Write out the data below exactly as given, without any of its pictures.

● **DATA SECTION**:
▽

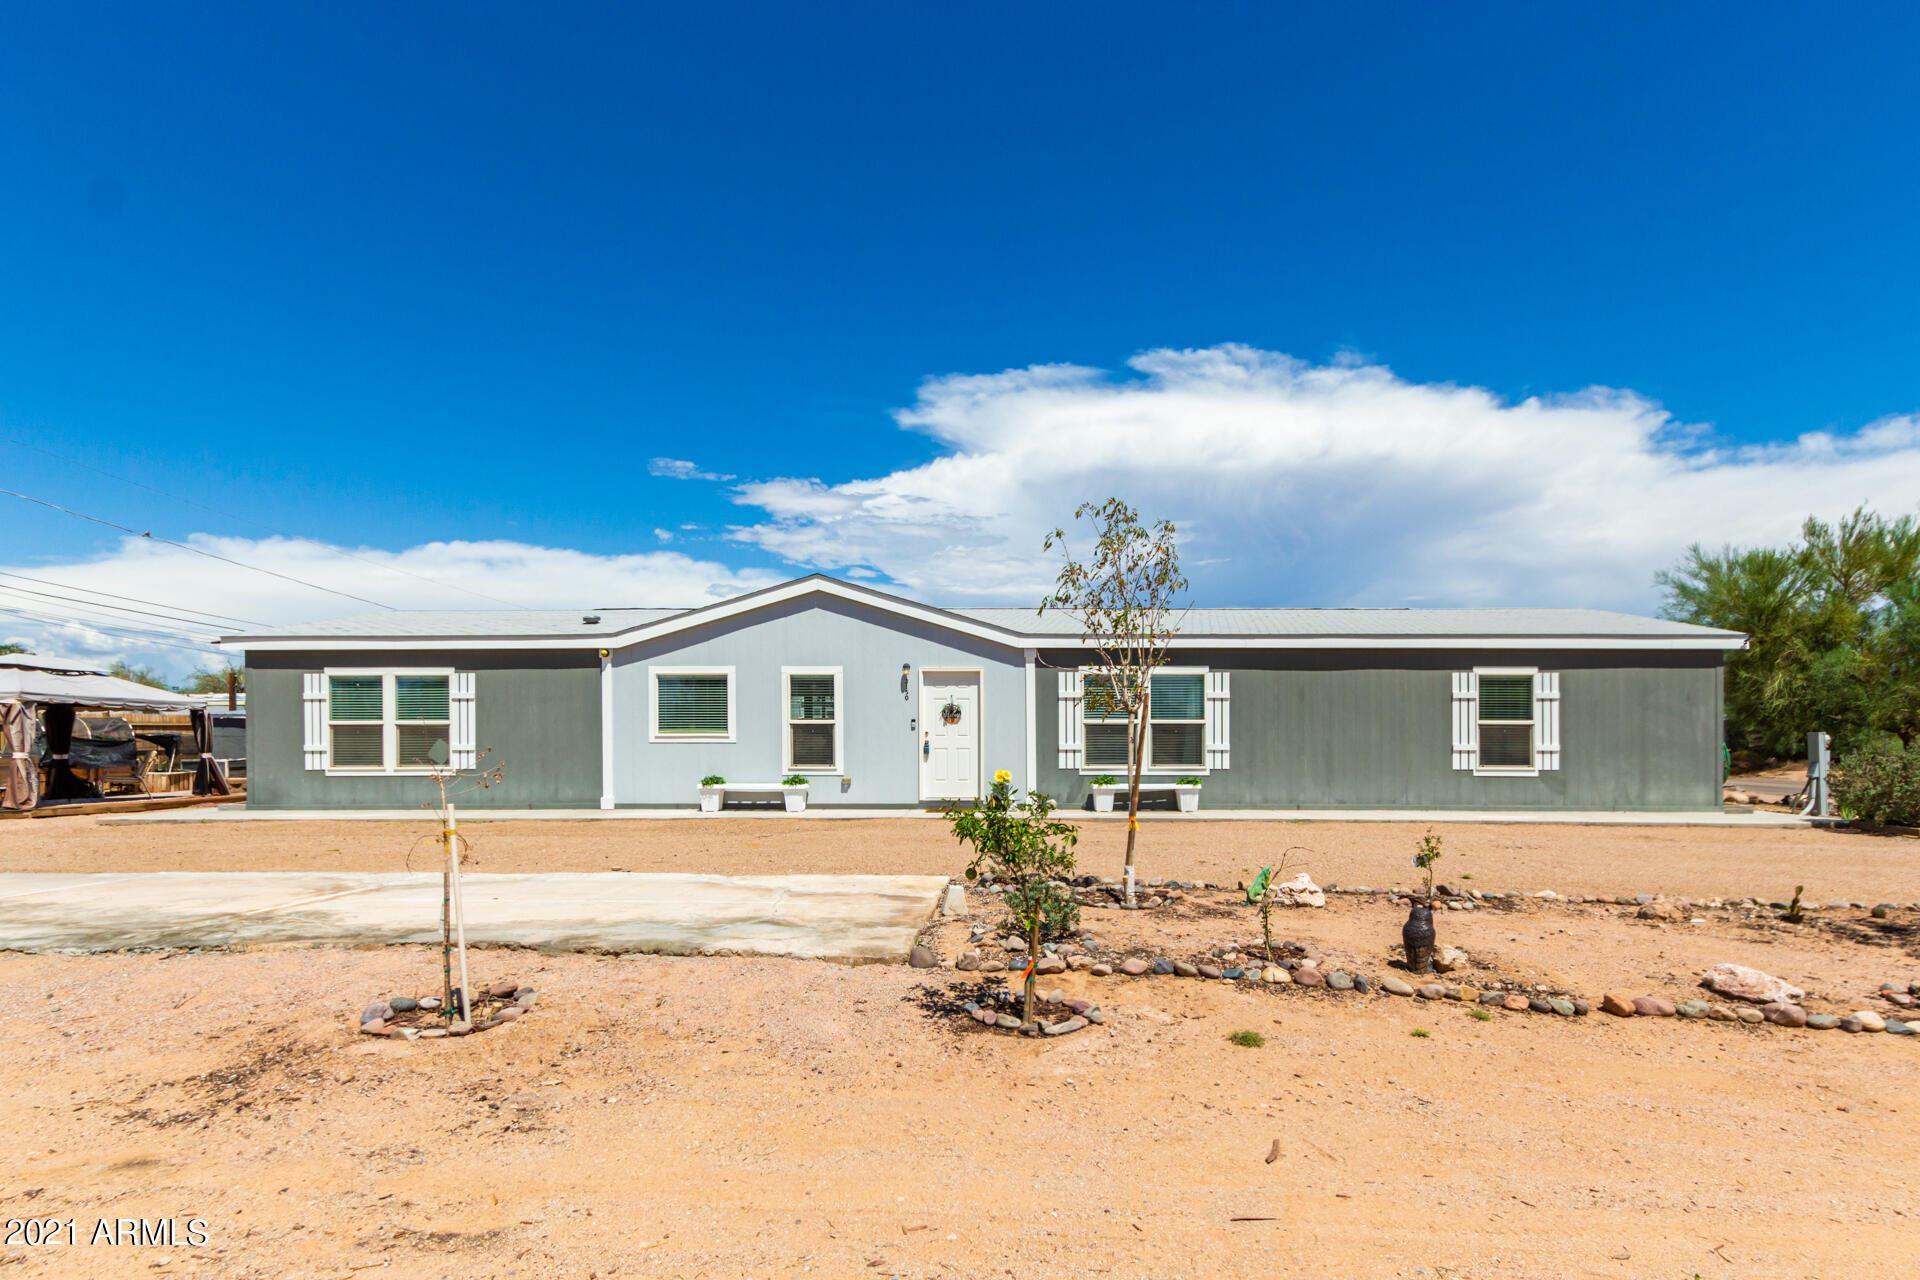 3150 W ROUNDUP Street, Apache Junction, AZ 85120 - #: 6272219
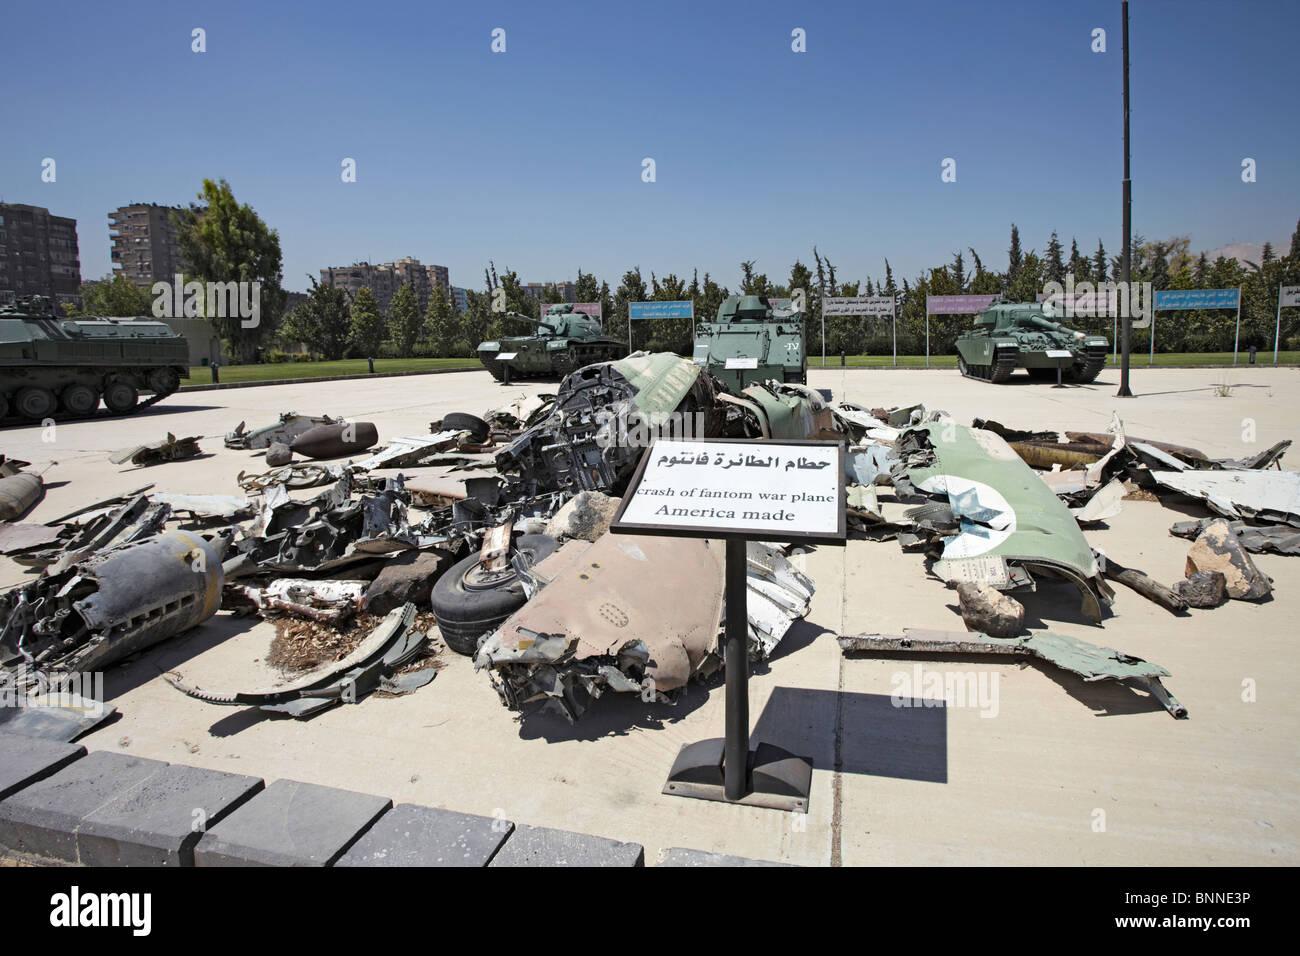 syria-damascus-panorama-military-museum-
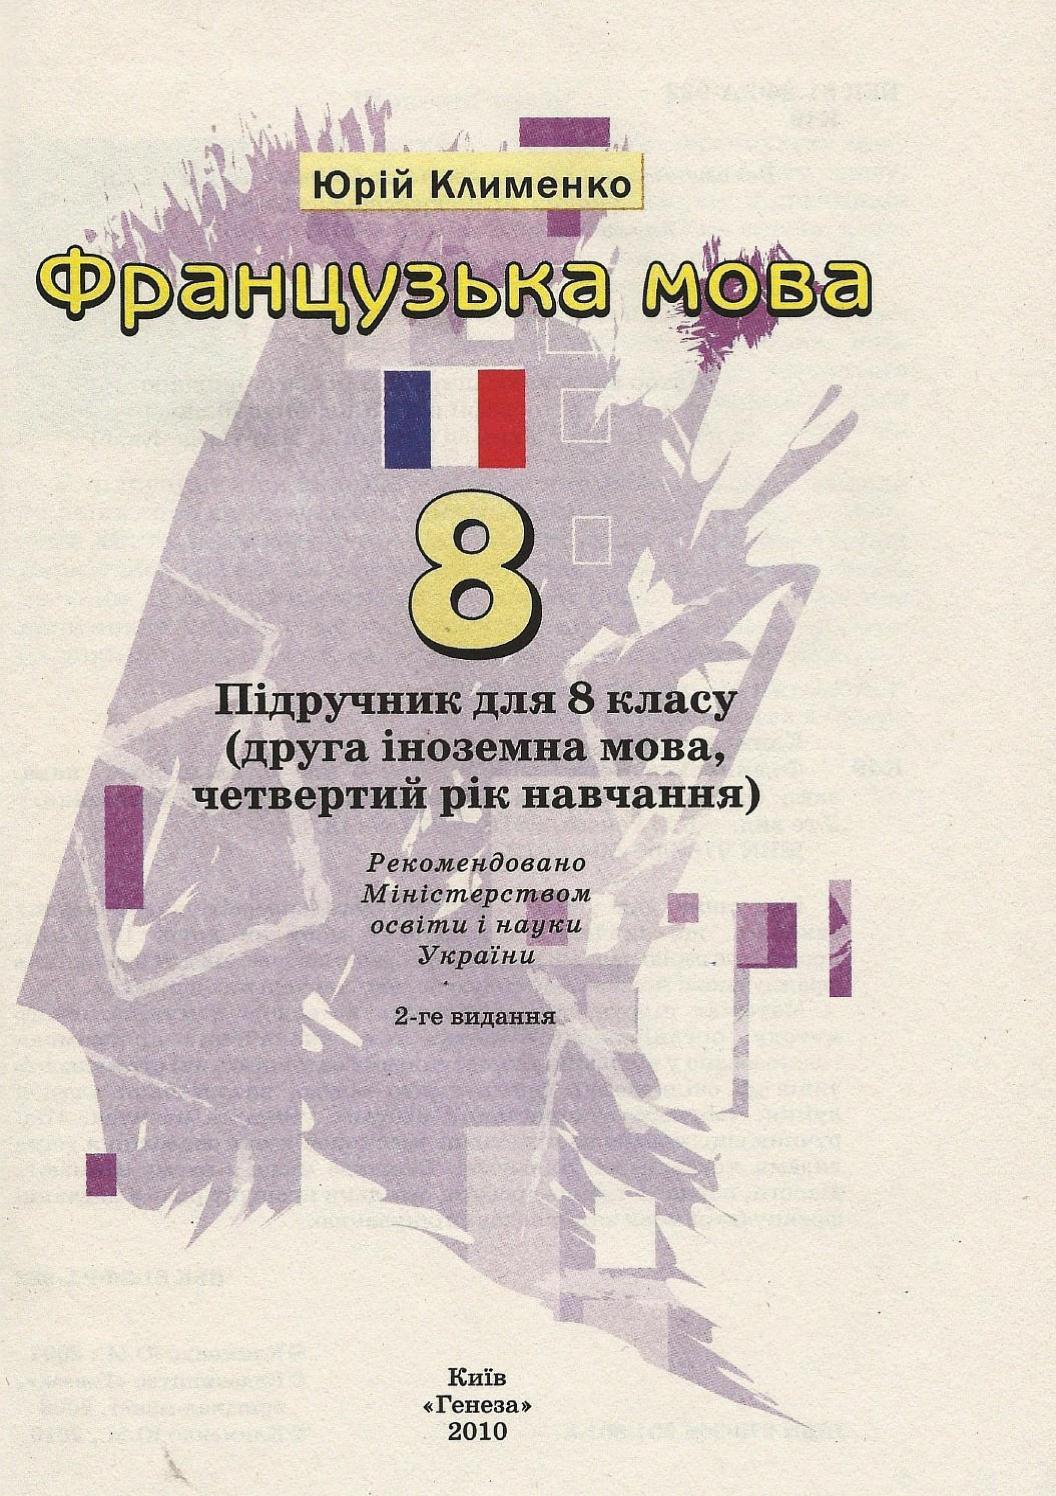 клименко 8 клас гдз

△

● **SOLUTION FOR THIS PROBLEM**:
 3150 W ROUNDUP Street, Apache Junction, AZ 85120 - #: 6272219
 syria-damascus-panorama-military-museum-
 клименко 8 клас гдз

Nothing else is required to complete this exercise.